Wine is central to Abadia. Indeed, if you’re not interested in or don’t want to learn about the intricacies and challenges of producing wines – mainly from the tempranillo grape – in an area of northern Spain that often suffers from rain well into early spring damaging frost, then you might be better off going to the Costas instead.
“It’s good that the grapes suffer, but not too much,” says Francisco Sanchez de Puerta Galvan, who has been working at Abadia Retuerta for 12 years with his great name and great knowledge.
We join one of his estate tours, in which he tells us that over 5,000 pine trees were planted in the 1990s to protect the vines. He also explains how the estate was one of the first to use windmills to blow the cold air away from the budding grapes. We finish with a tasting at the factory and then have lunch outside the visitor center.
I’ve always been shortchanged by tapas, but not this time. And rarely do I get an encore to an entire Michelin performance, but that luncheon in the refectory, with an original painting of the Last Supper above our table – discovered during the restoration of the convent – was awe-inspiring.
This is not a tourist area of Spain. The nearest coast is over 150 miles away, but the region is rich in interest.
Half an hour west of Abadia Retuerta is Valladolid, once the capital of the Spanish Empire, where Philip II was born – the man who might have reformed Britain if Elizabeth I had accepted his proposal of marriage in 1559.
In the other direction is Penafiel, famous for its 10th century castle that stands imperious on a hill above the sleepy town.

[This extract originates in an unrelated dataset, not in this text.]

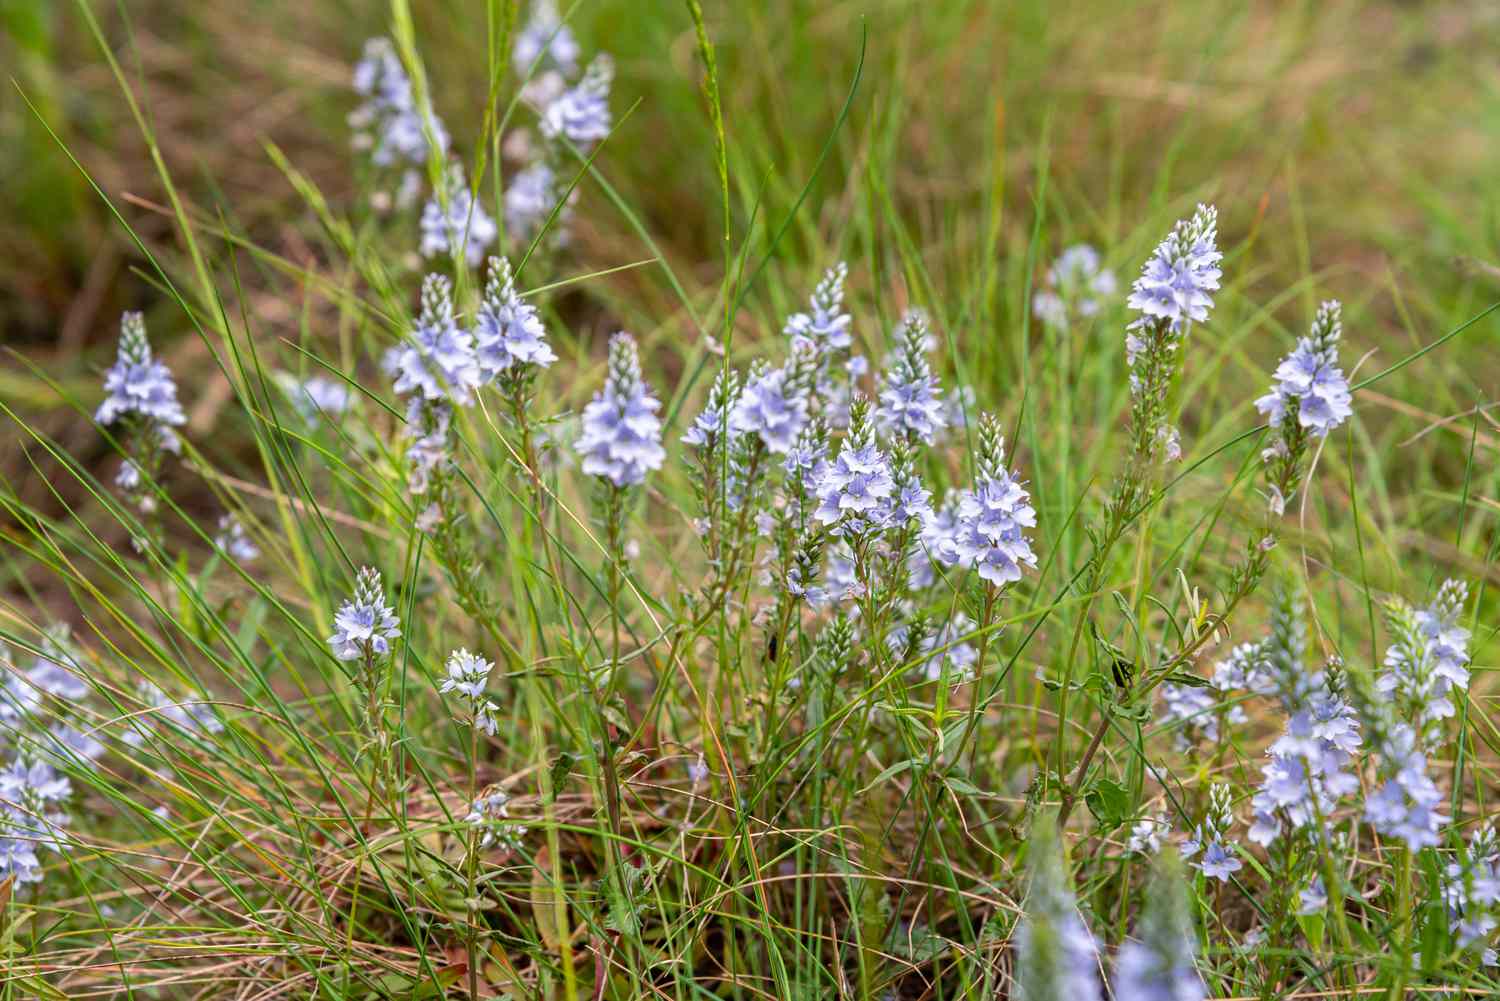 Veronika-Pflanze mit kleinen hellvioletten Blütenähren, umgeben von Gras

‘Rooms aren’t cheap here, but what you get in return goes way beyond food and shelter,’ says Mark
But it’s not half as sleep-inducing as the walled pool at the Abadia Retuerta – reached by high metal gates – where guests seem to whisper. Making a splash here wouldn’t fit the serene vibe.

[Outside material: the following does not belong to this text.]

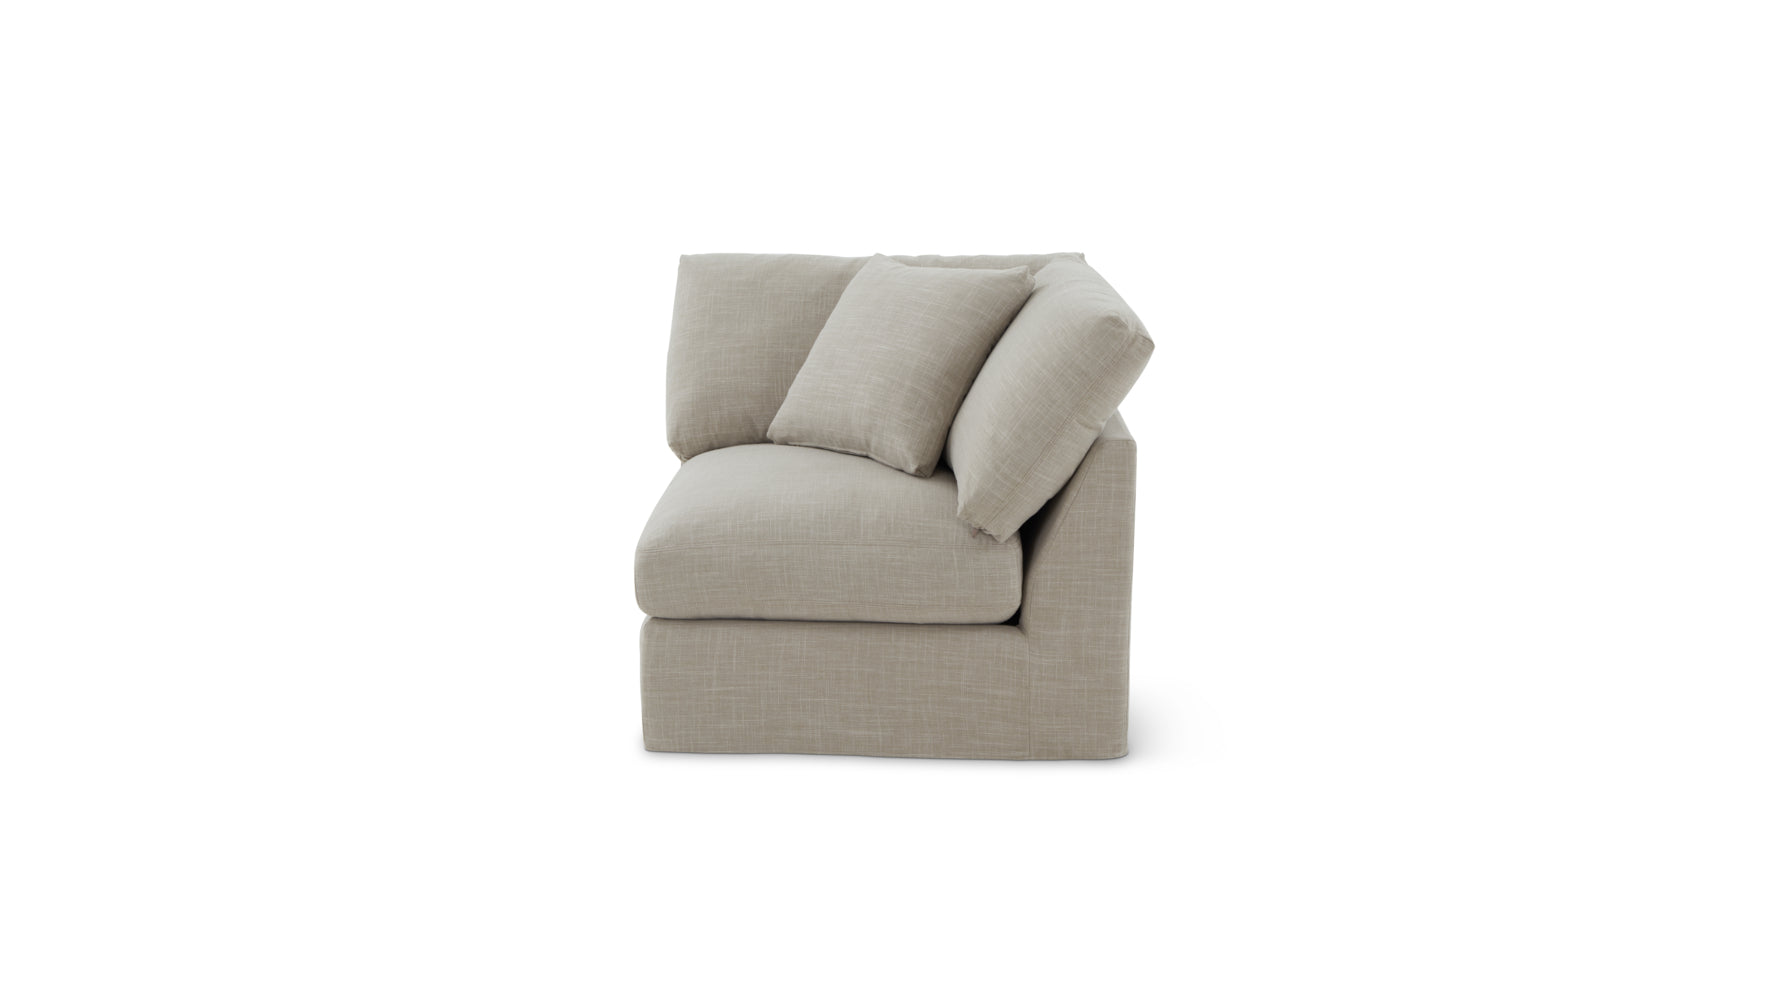 Get Together™ Corner Chair, Standard, Light Pebble - Image 1

Our room, with warm wood, handmade furniture, French doors and a French balcony, has a similar atmosphere.
There is no signage anywhere, no clutter and the spa is hidden underground. Choose a treatment and the wine will come out again.

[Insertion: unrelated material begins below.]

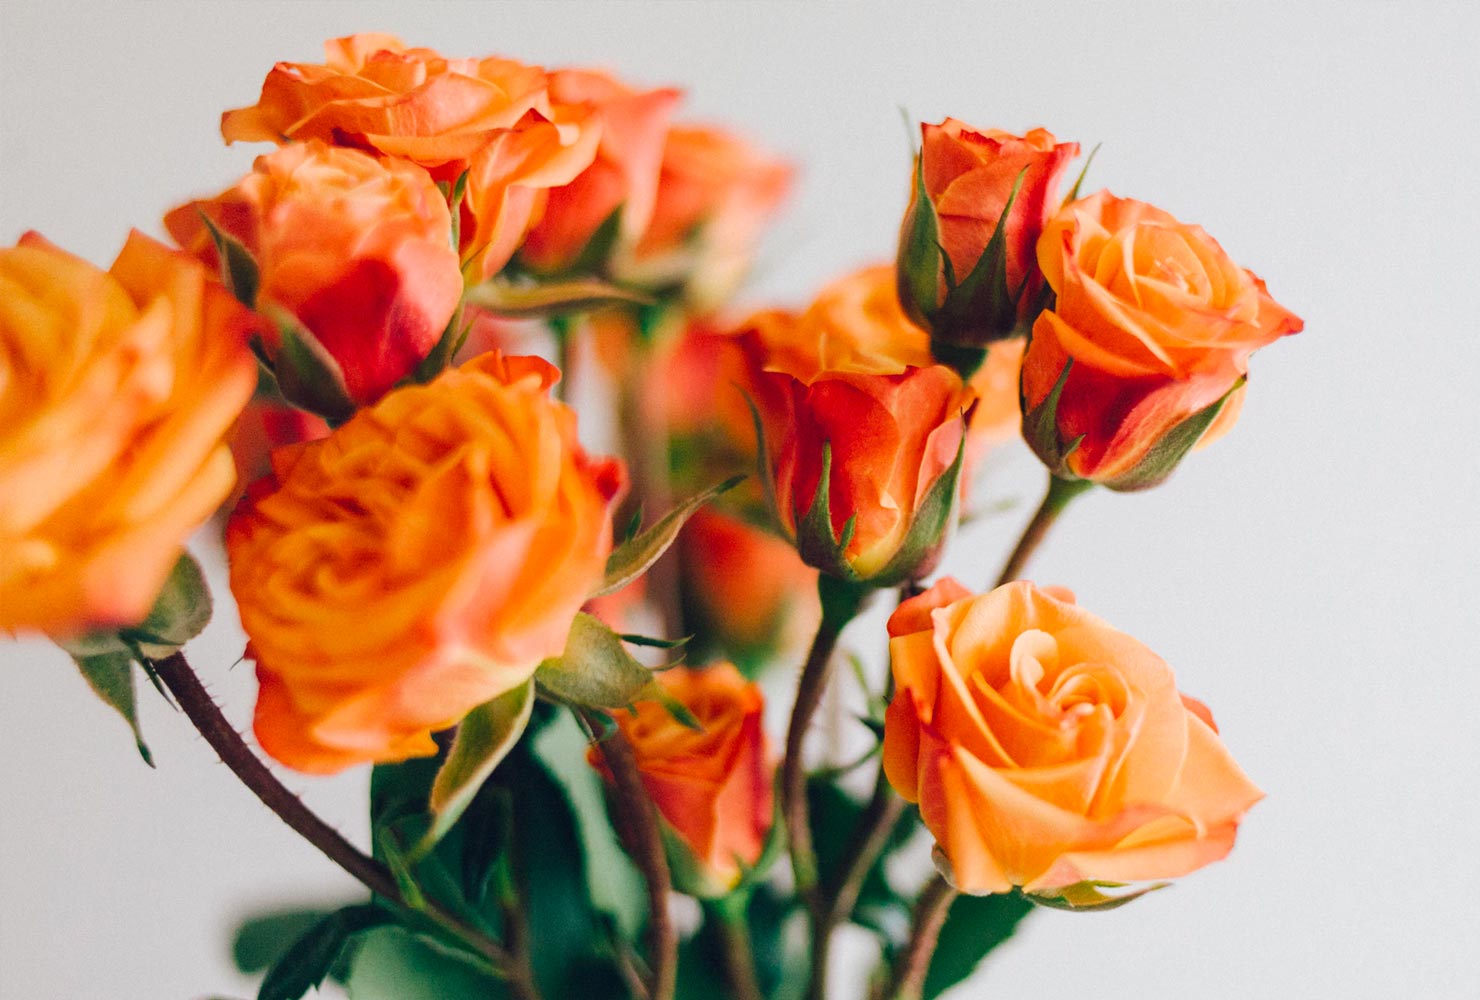 Orange bouquet of roses.

You are invited to choose from oils with sauvignon blanc, syrah or the winery’s Seleccion Especial (special selection) blend. A bottle of this wine costs around £30 if you ever come across it in the UK. It’s nectar.
The Norbertine Order was founded in the early 12th century by Norbertus van Xanten, who was canonized in 1582 by Pope Gregory XIII. His statue stood above the colonnade of the Piazza in St. Peter’s Square in Rome. Norbert was a strict disciplinarian (three of his followers died from the austere lifestyle) and was credited with a number of miracles.
What is now happening in his monastery may not be miraculous, but it is certainly divine.